G gene sequence analysis (Kilifi). G gene sequences were less conserved compared to F gene sequences with overall mean sequence identity of 73% (nt) and 56% (aa). However, within subgroups the sequences were highly conserved: the mean identities were estimated at 97% (nt) and 96% (aa) for clade A2c, 93% (nt) and 89% (aa) for clade A2b, 94% (nt) and 90% (aa) for B1, 92%(nt) and 87% for B2 subgroups. The deduced G gene amino acid sequences differed in lengths among subgroups: clade A2c (220aa), clade A2b (218 and 229aa), B2 (238aa) and B1 (232 and 242aa) long.The varying protein lengths for clade A2b and B1 subgroups were due tochanges in stop codon positions. The evolutionary rates for the G gene were estimated at 3.420× 10–3 (95% HPD interval = 1.317× 10–3 to 5.518× 10–3), 8.022× 10–3 (95% HPD = 5.893× 10–3 to 1.060× 10–2) and 9.570× 10–3 (95% HPD = 5.911× 10–3 to 1.33× 10–2) nucleotide substitutions/site/year for A2c, A2b and B1, respectively. Evolutionary rate estimates for subgroup B2 viruses were not determined, effective sample size (ESS) for all parameters failed to reach the cut-off (200) required for confirmation of convergence in BEAST analysis. Among all the subgroups, A2c exhibited significantly lower substitution rates within the G gene (95% HPD = 1.317× 10–3 to 5.518× 10–3). The estimated times of the most common ancestor of the individual subgroups dated to recent origin in both F and G genes, i.e., 2009 (95% HPD = 2005 –2011) for clade A2c sequences, 2008 (95% HPD = 2006 –2009) for clade A2b, 2005 (95% HPD = 2002 –2007) for B1 and 2001(95% HPD = 1997–2005) for B2 sequences. The estimated mean dN/dS ratio (ω) was <1 for A2b (ω = 0.57), A2c (ω = 0.38) and B1(ω = 0.78). For the subgroup B2, a higher average dN/dS ratio (ω = 1.21) was determined for G gene, indicating a signal of positive selection (Additional file 6).

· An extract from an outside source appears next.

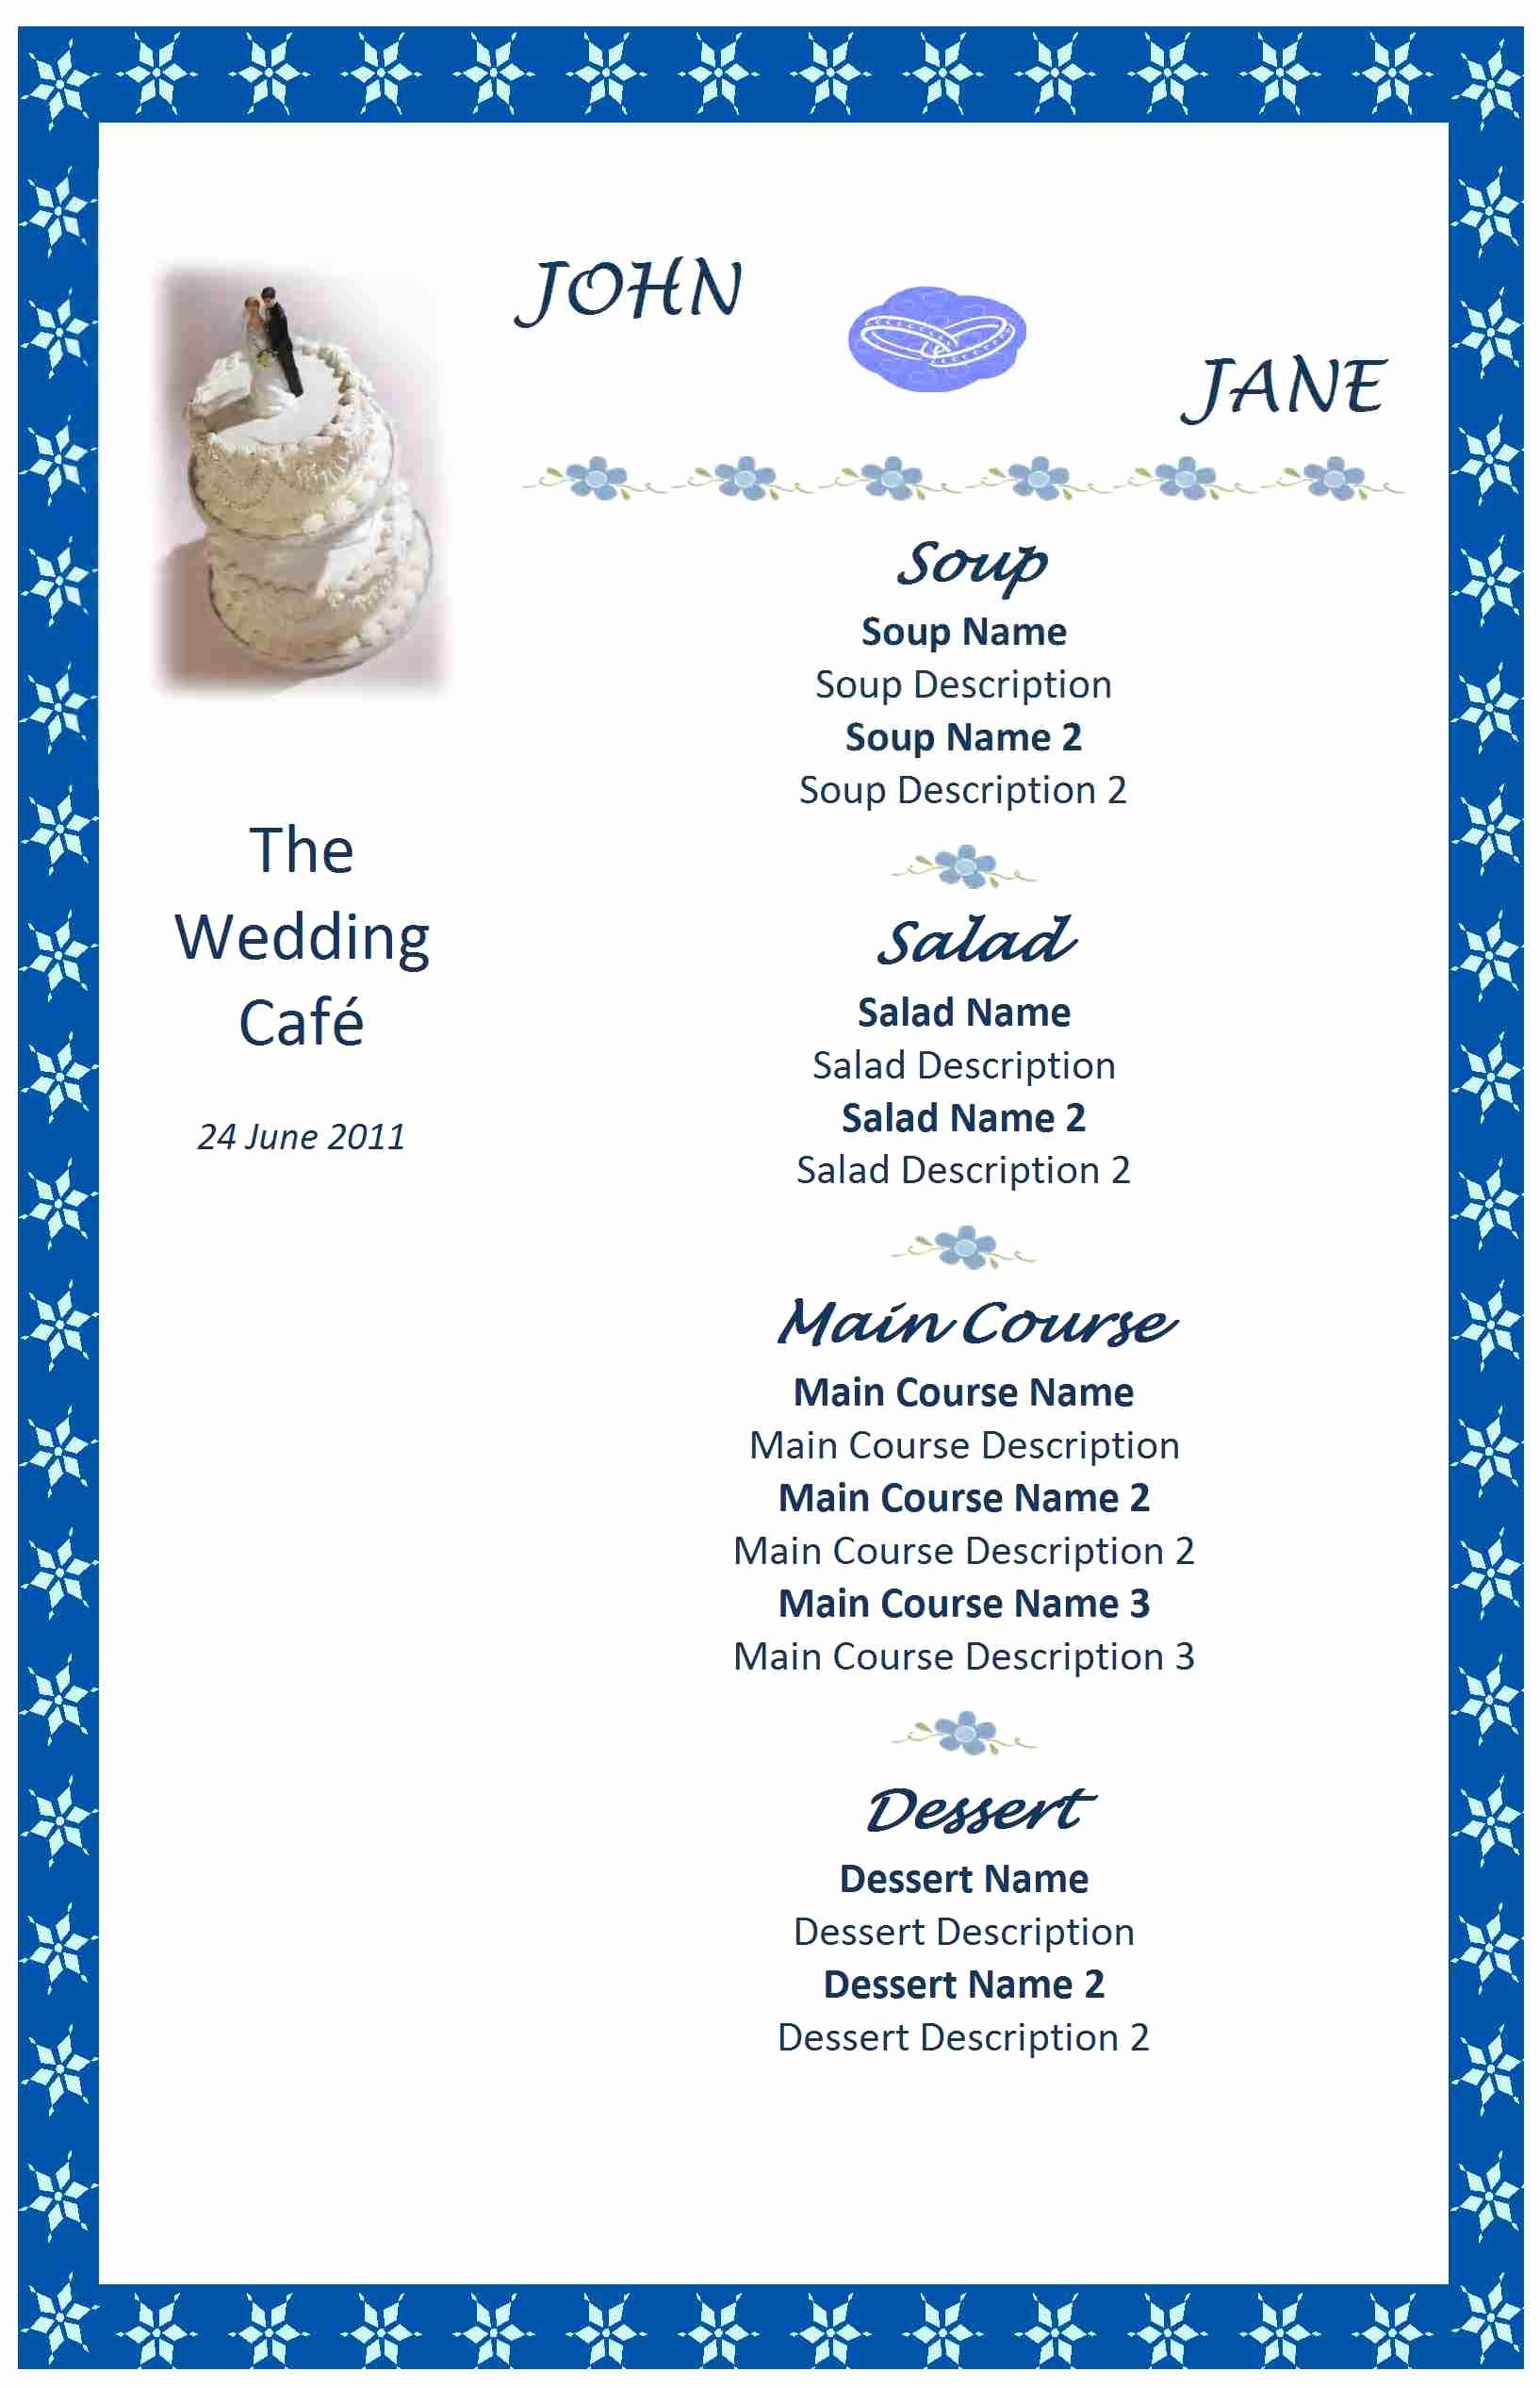 Wedding Invitations Templates Microsoft Word Inspirational Ms Word Invitation Template Portablegasgrillweber
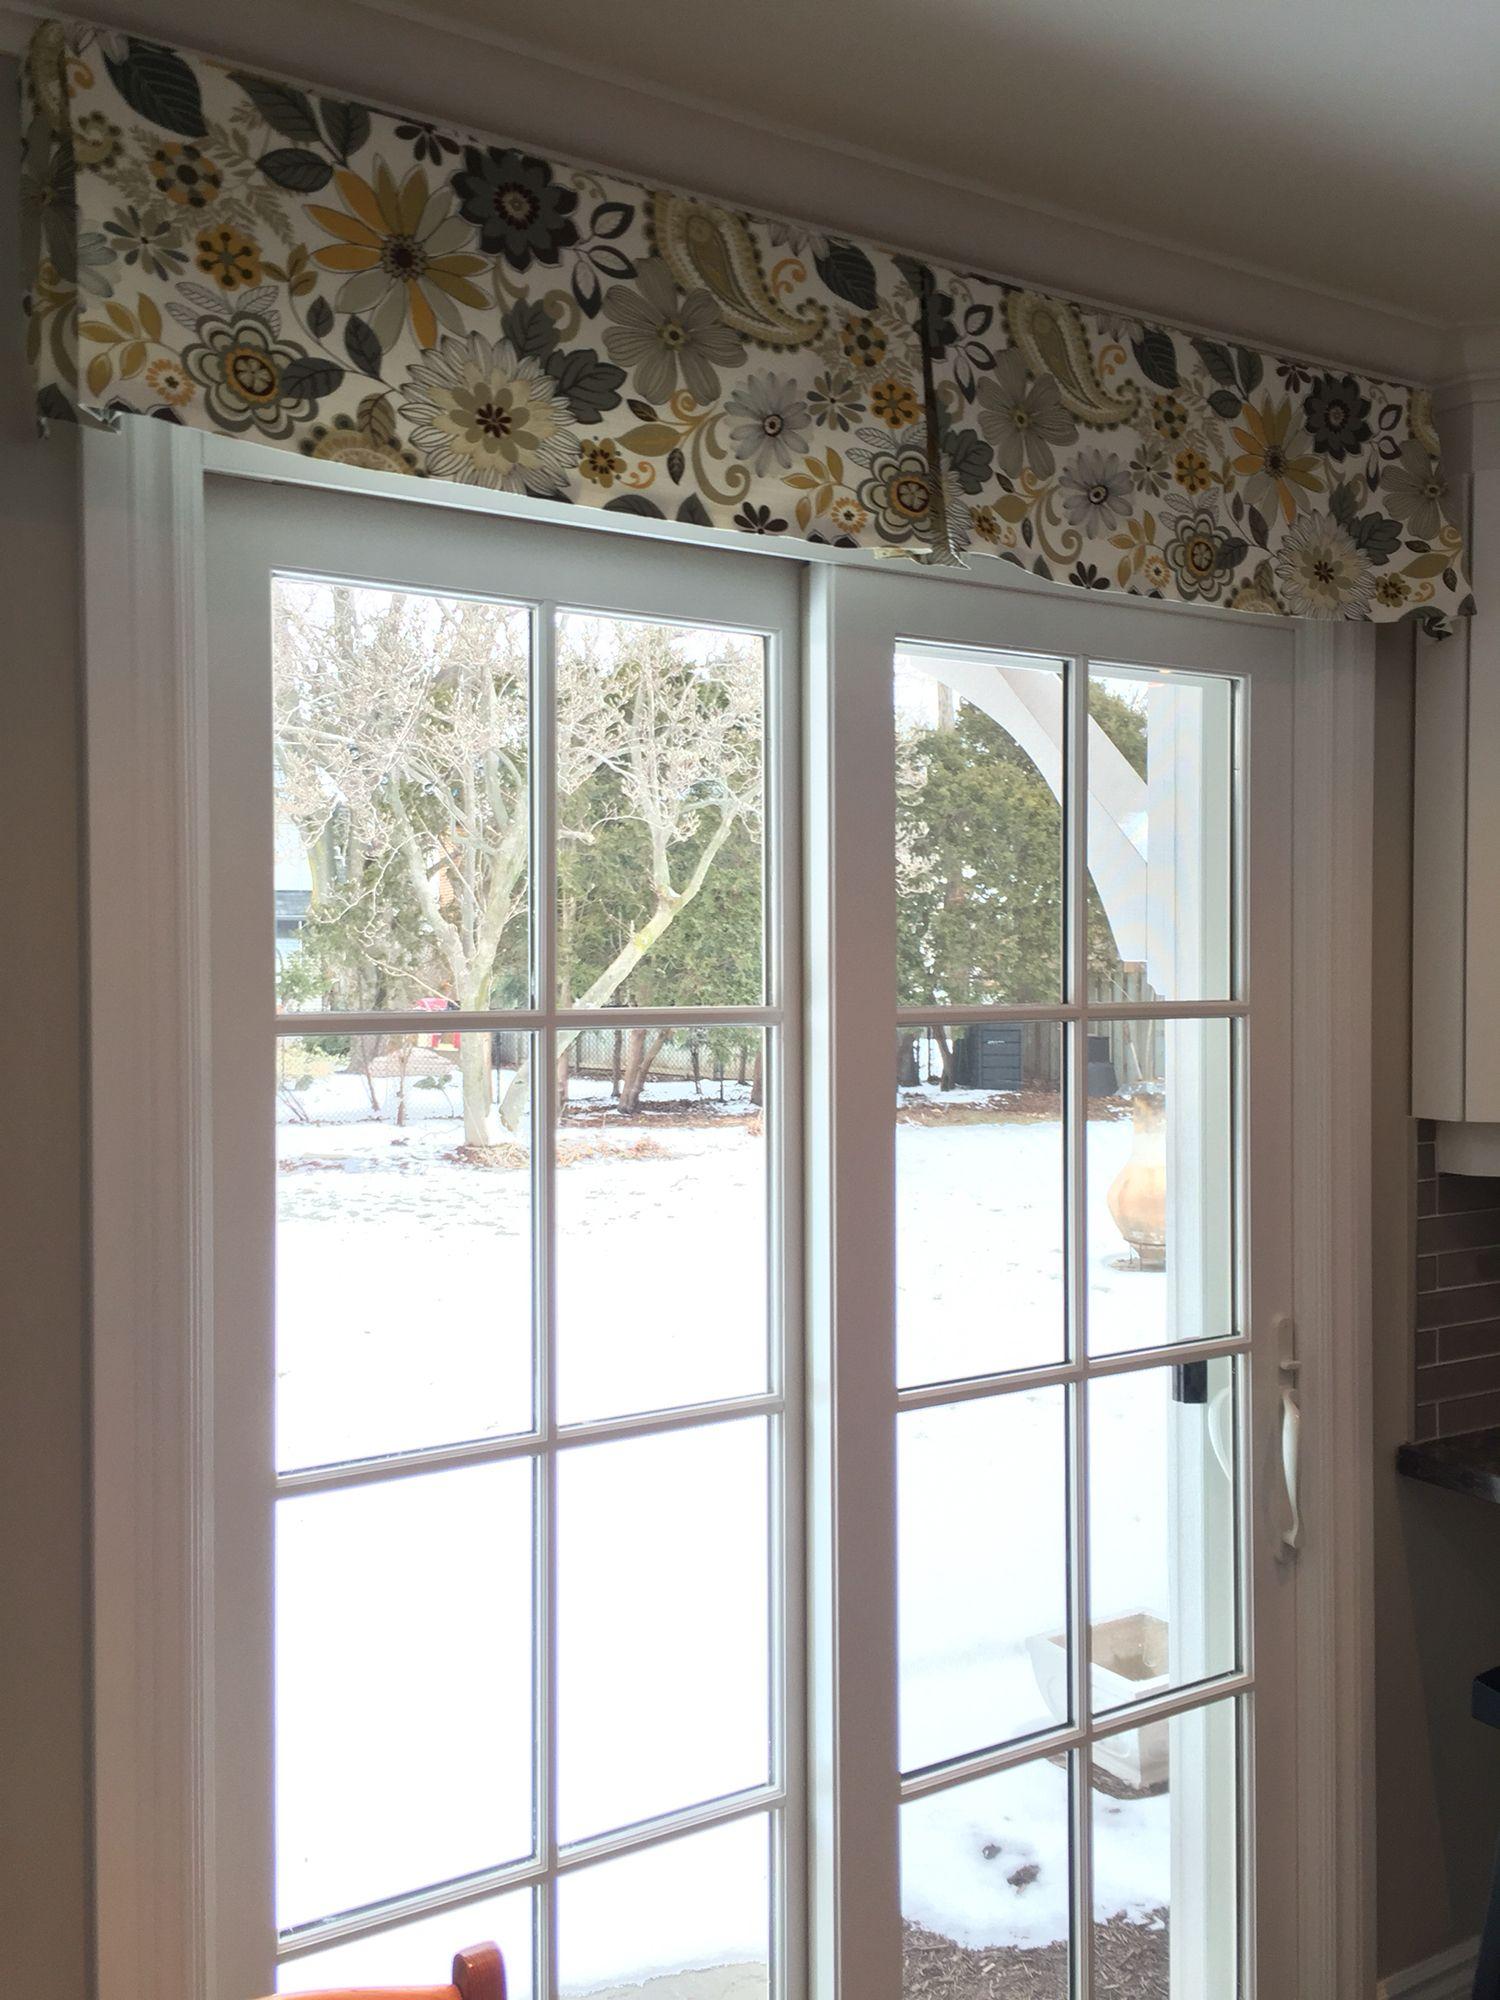 Patio Door Window Treatment Using A Simple Decorative Box

Using M2a and M3 models, 3 positively selected sites were identified within A2c (17, 24 and 28) and A2b (87, 123 and 135), 1 site (96) in B1 and 2 sites (12,127) within B2 sequences (Additional file 6).
HMPV subgroup and Disease severity.We did not observe a statistically significant association between HMPV subgroup and pneumonia severity ( p-value = 0.264) (Table 3).